The tom wasn't a long-bearded monster, but neither was he a half-grown jake. He weighed around 16 pounds, with a 6-inch beard and 1-inch spurs. He was also one of the most brightly-plumed toms I've ever seen, with feathers that glowed an iridescent mix of bronze, orange, red and blue in the soft light of the early-morning sun. Any gobbler taken with a bow is a trophy bird, however, and being that this was Kyle's first-ever, downed with a PSE Mach-8 compound set at 60 pounds, it was, he said, "a dream come true." A dream that many archers who have spent years trying hard have yet to experience.

Turned out Kyle isn't just a top-flight archer; he's also a very good actor. Ron and I walked in to camp, where McIntyre, Eckhardt and Kyle stood by the truck with faces that looked as if they'd just left a funeral.

"Do any good?" I asked, already knowing the answer.

"Nope," Kyle responded. "We didn't even see a bird, much less get a shot at one."

"I can't believe it," added Eckhardt. "I just knew they'd show up this morning."

"Too bad," I answered. "But hey; we still have another day. Don't give up, man; you'll get one yet. Ron and I saw a bunch of 'em off our hog stands."

"Bozka," McIntyre said, "take a look behind you." There, dead as a hammer, laid Kyle's freshly-killed gobbler.

I will not-make that can not-relay to you what I said after that.

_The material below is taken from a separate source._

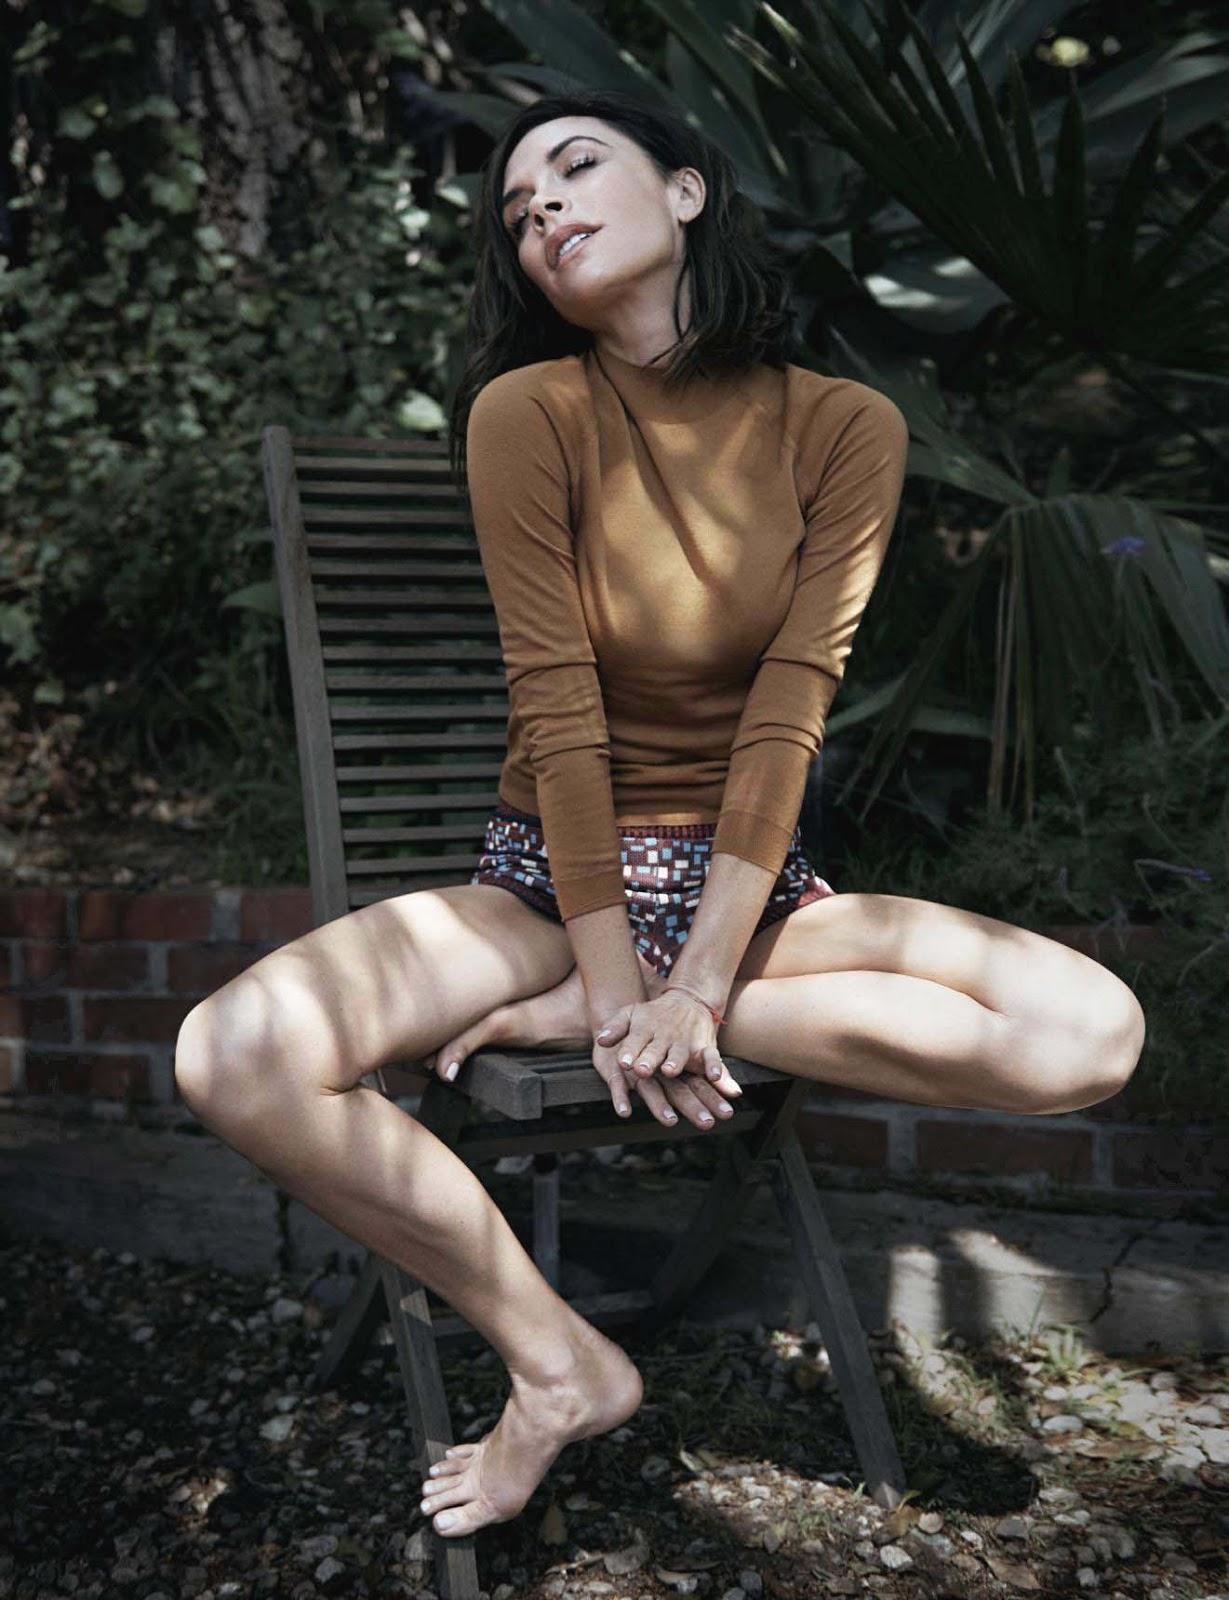 2017 05 kayla autumn ward legs - Manicure Tom Bachik

Gotta give 'em credit, though. Those guys fooled me, and fooled me good.

It appears that we're going to be allowed the privilege of hunting on the Ingram's magnificent ranch again this spring. Let's just say that, aside from the usual pre-trip planning, I'm already cooking up some plans of my own. And they don't have anything to do with turkey hunting.

I'd tell you all about it, but they'll find out soon enough.